In this paper, a near-real-time approach to data assimilation for the estimation of the three-dimensional global ozone distribution based on the transport model TM3 is presented. TM3 uses the meteorological data from European Centre for Medium-Range Weather Forecasts to transport the ozone field. The ozone profiles used in the assimilation are retrieved from measurements of the Global Ozone Monitoring Experiment instrument (GOME) on the European Space Agency's European Remote Sensing-2 satellite. A simplified Kalman filter technique is chosen as a data assimilation technique since it not only estimates the ozone distribution globally but also quantifies the uncertainty in its estimate. The NRT data assimilation technique is demonstrated for the period of March-June 2000. The results presented in this paper show that the estimated profiles deviate from the measurements by, on a global average, 15% of the ozone values in pressure layer 163-119 hPa and ranging from 6% to 2% of the ozone values between 119 hPa and 40 hPa. The deviation of the estimate from the measurements decreases with altitude and reaches 0.05% of the ozone value in the layer 2-0 hPa. Comparison with ozone-sonde observations shows that the model driven by observed meteorological fields is capable of describing the main spatial and temporal variations. Comparison with data from the Halogen Occultation Experiment instrument on the Upper Atmosphere Research Satellite shows that assimilating the retrieved profiles from GOME improves the vertical description of ozone profiles mainly in the stratosphere and the upper troposphere.
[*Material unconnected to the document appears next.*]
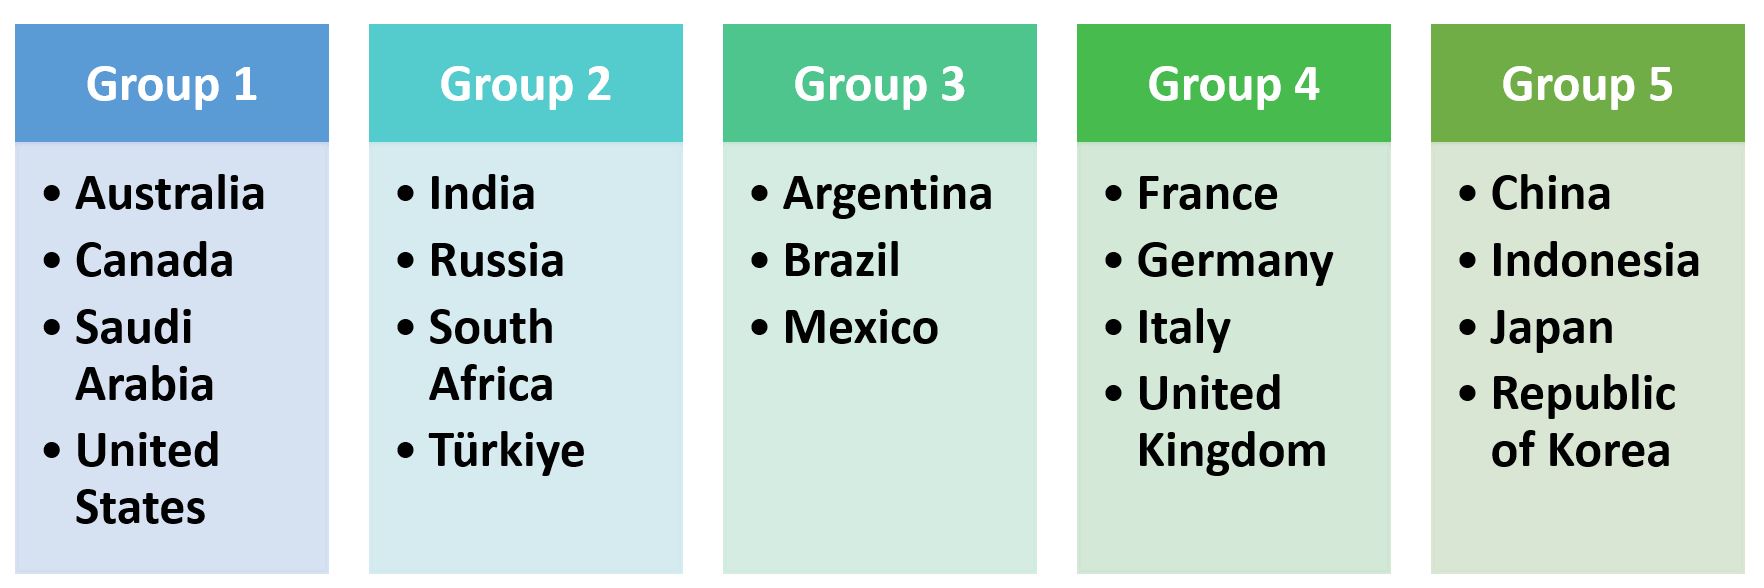 Groups of G20 Members

Moreover, the integrated ozone-profile estimate is compared with the total-column ozone measurements made by the Total Ozone Mapping Spectrometer. This shows that assimilating the ozone profiles results in a better description of the total column than the ten-day forecast.
GY El Serafy, H Kelder. Near-real-time approach to assimilation of satellite-retrieved 3D ozone fields in a global model using simplified Kalman filter
published, Quart. J. Royal Meteorol. Soc., 2003, 129